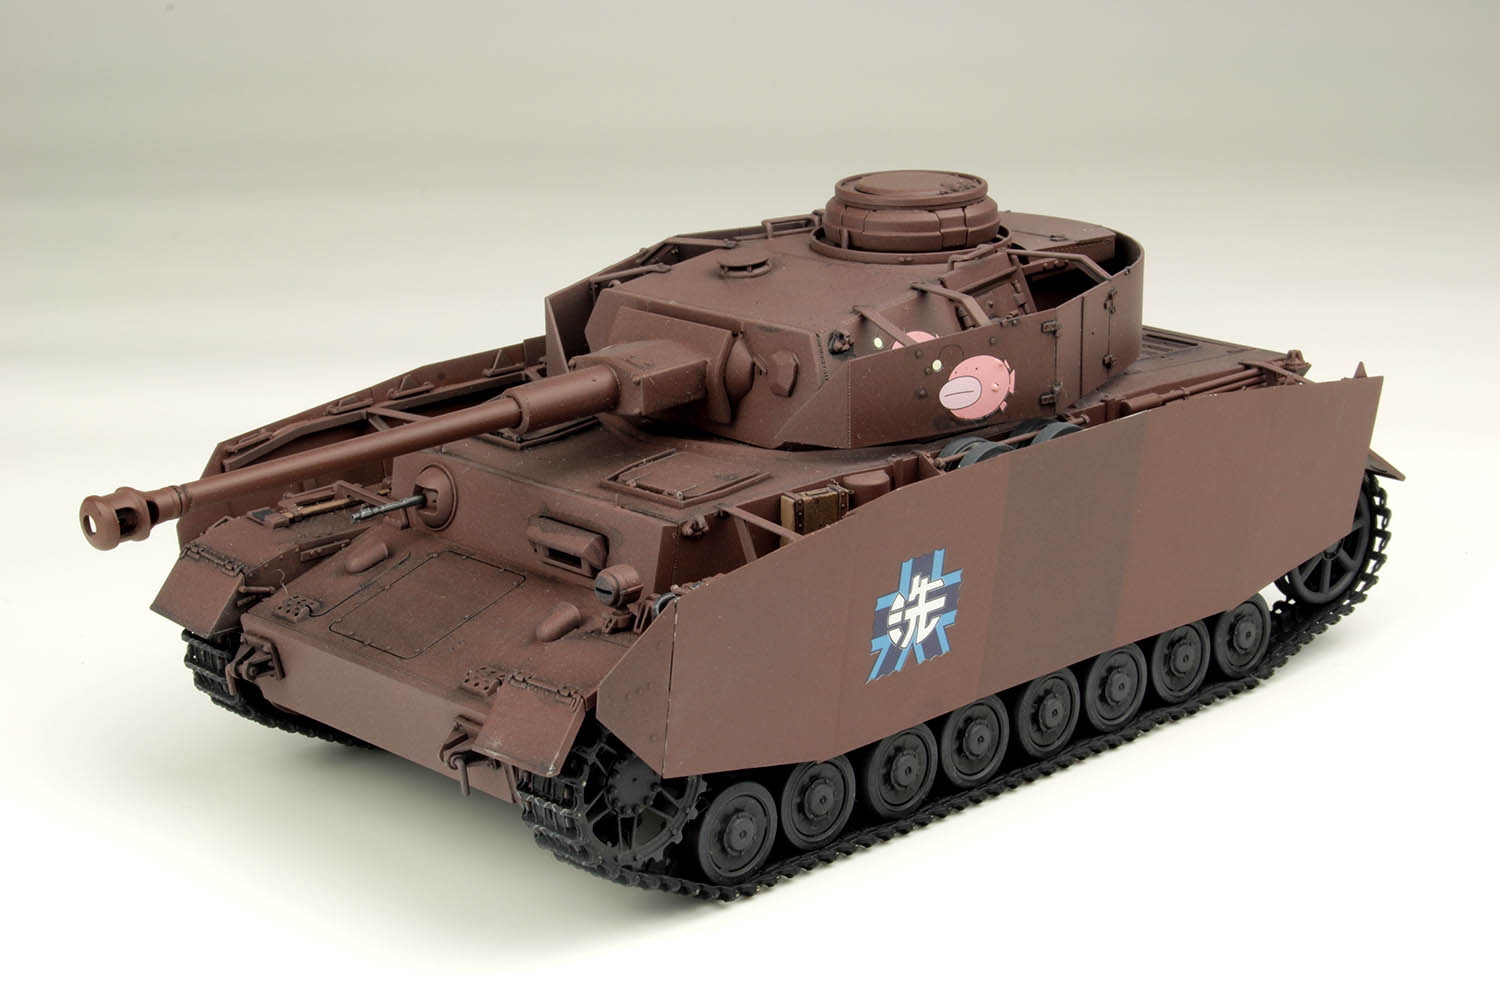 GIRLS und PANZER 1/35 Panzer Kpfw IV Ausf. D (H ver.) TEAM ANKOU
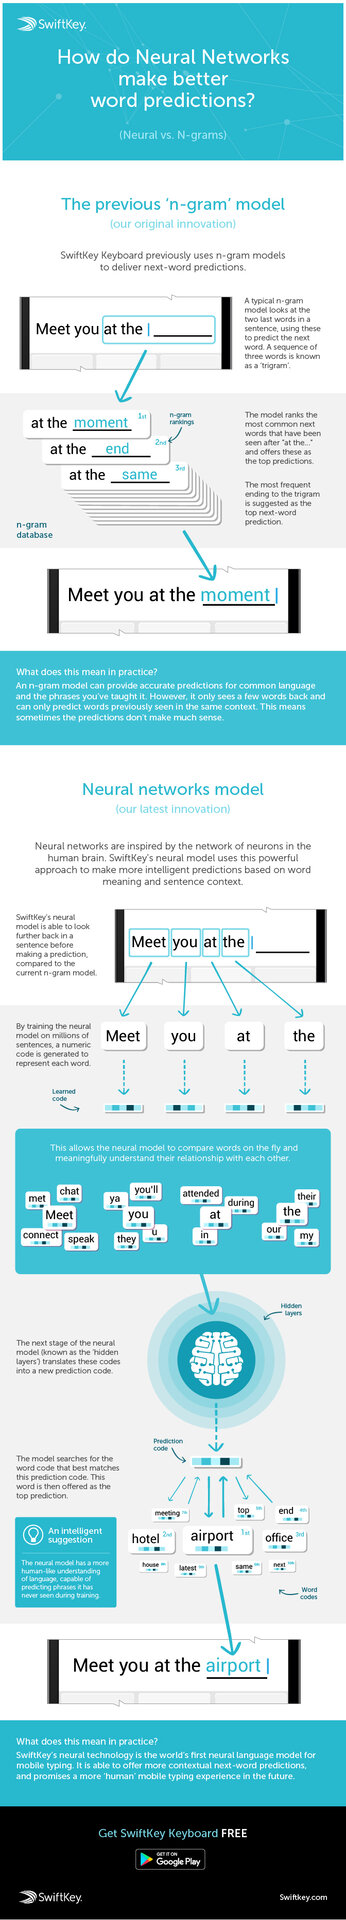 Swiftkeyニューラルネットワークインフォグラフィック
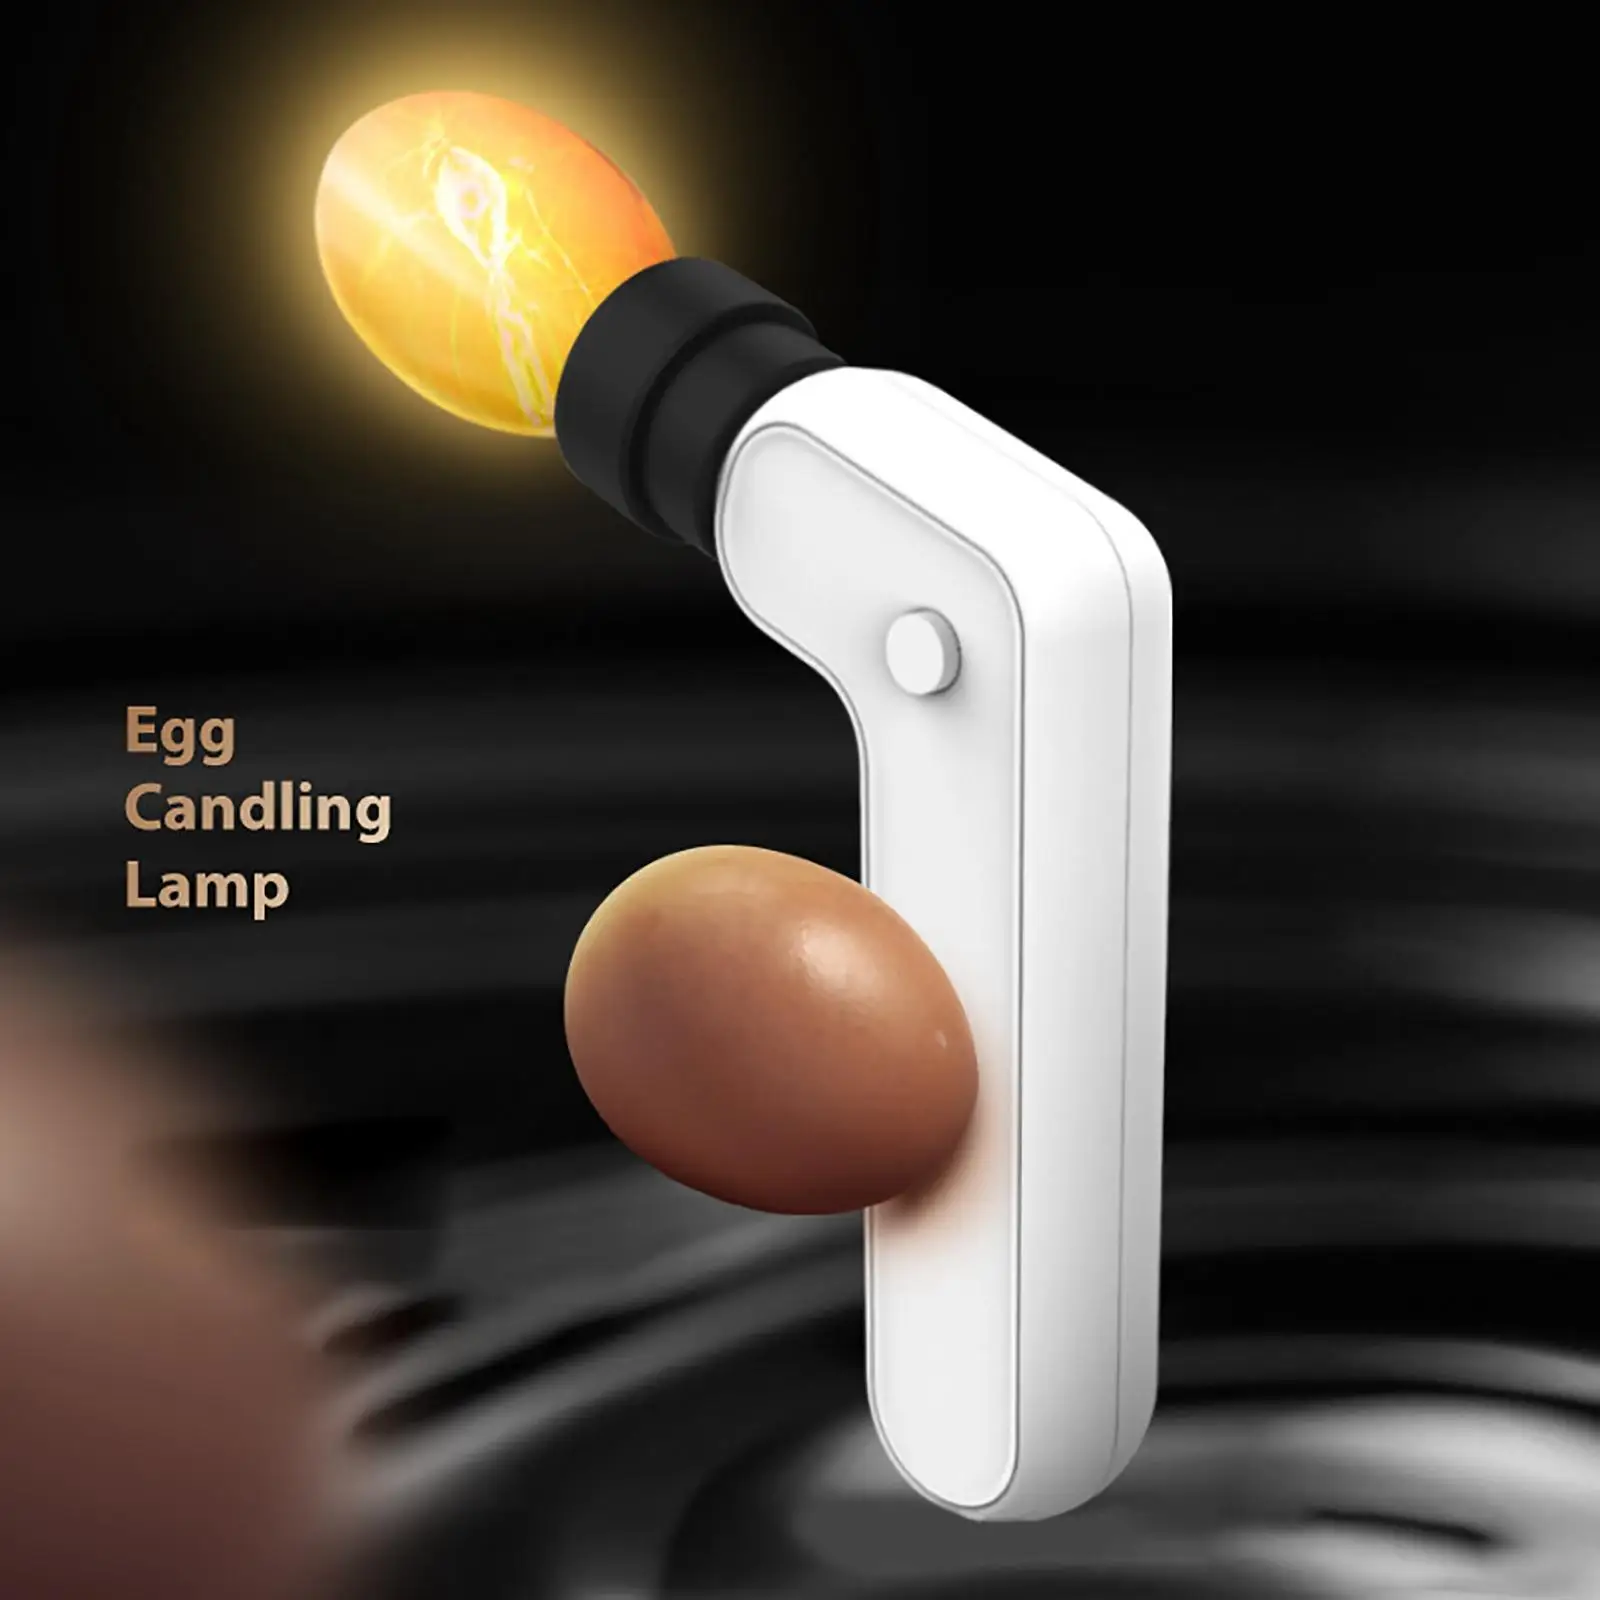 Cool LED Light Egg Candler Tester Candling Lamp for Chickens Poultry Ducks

◆ ◆ ◆

Would you output the listing above verbatim, without its pictures?

 GIRLS und PANZER 1/35 Panzer Kpfw IV Ausf. D (H ver.) TEAM ANKOU
 Swiftkeyニューラルネットワークインフォグラフィック
 Cool LED Light Egg Candler Tester Candling Lamp for Chickens Poultry Ducks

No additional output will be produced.